Nina Carberry banned for Aintree Grand National

Sam Waley-Cohen has also been banned by the authorities for easing down Long Run

Nina Carberry on On The Fringe celebrates winning the 4.10 St. James’s Place Foxhunter Chase Challenge Cup at Cheltenham. Photo: Andrew Boyers/Reuters
Nina Carberry on On The Fringe celebrates winning the 4.10 St. James’s Place Foxhunter Chase Challenge Cup at Cheltenham. Photo: Andrew Boyers/Reuters

Two of jump racing’s high-profile amateur jockeys are set to miss the Grand National next month because of bans picked up in recent days.

Sam Waley-Cohen and Nina Carberry have both been given week-long bans which, contrary to initial reports, will mean that both are prevented from taking part in the famous Aintree race, in which both have fared well while falling short of actual victory.

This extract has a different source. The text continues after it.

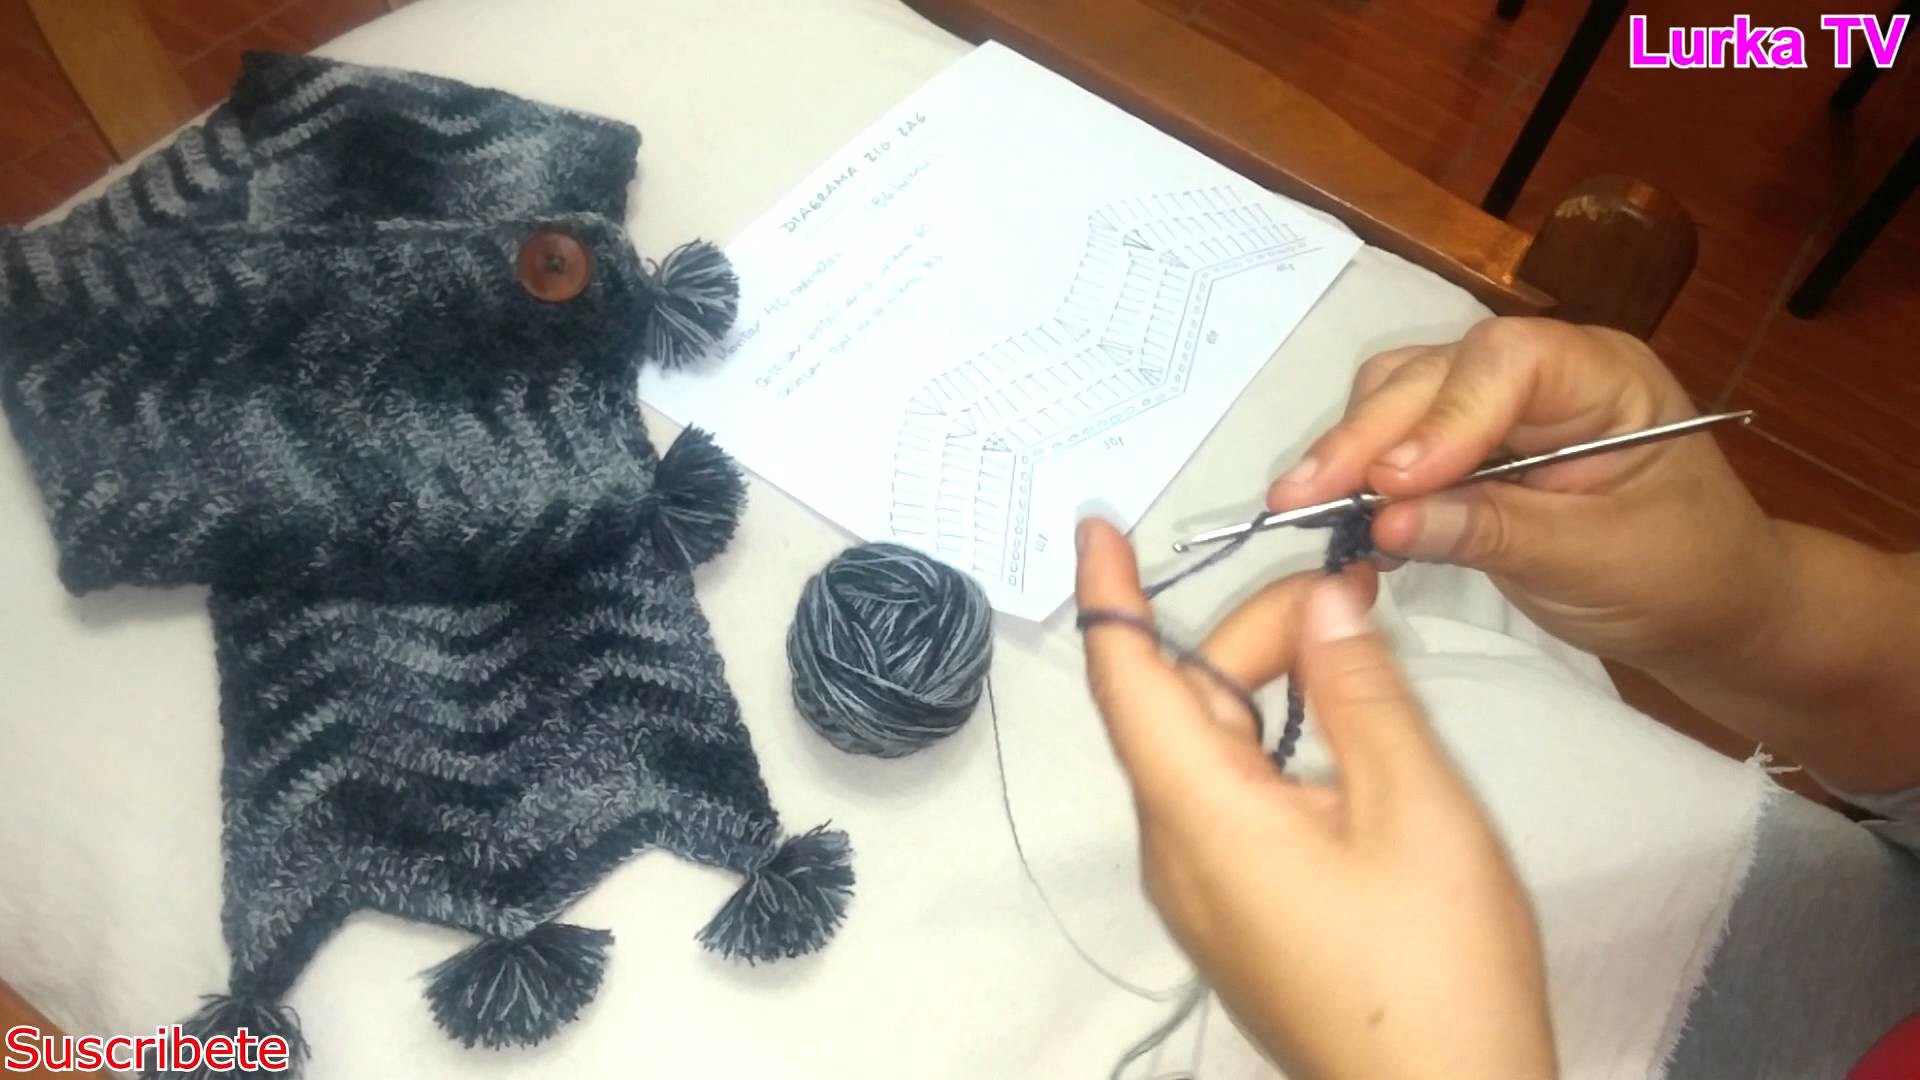 Bufanda tejida a crochet en zig zag con aplicación de pompones parte 01.Crochet scarf woven zigzag

Waley-Cohen has already entered an appeal against the seven-day ban he was given at Carlisle on Sunday, when he eased down Long Run after the final fence and lost third place close to home. The decision by the stewards to act against him has proved controversial, with the jockey’s defenders saying he was merely acting in the best interests of an exhausted former Gold Cup winner who had been off the course for two years.

“It’s disappointing to pick up a ban and I am going to be appealing as I didn’t feel it reflected the situation fully,” Waley-Cohen said. “I think the main thing is to praise the horse, who has been great for racing for a number of years.”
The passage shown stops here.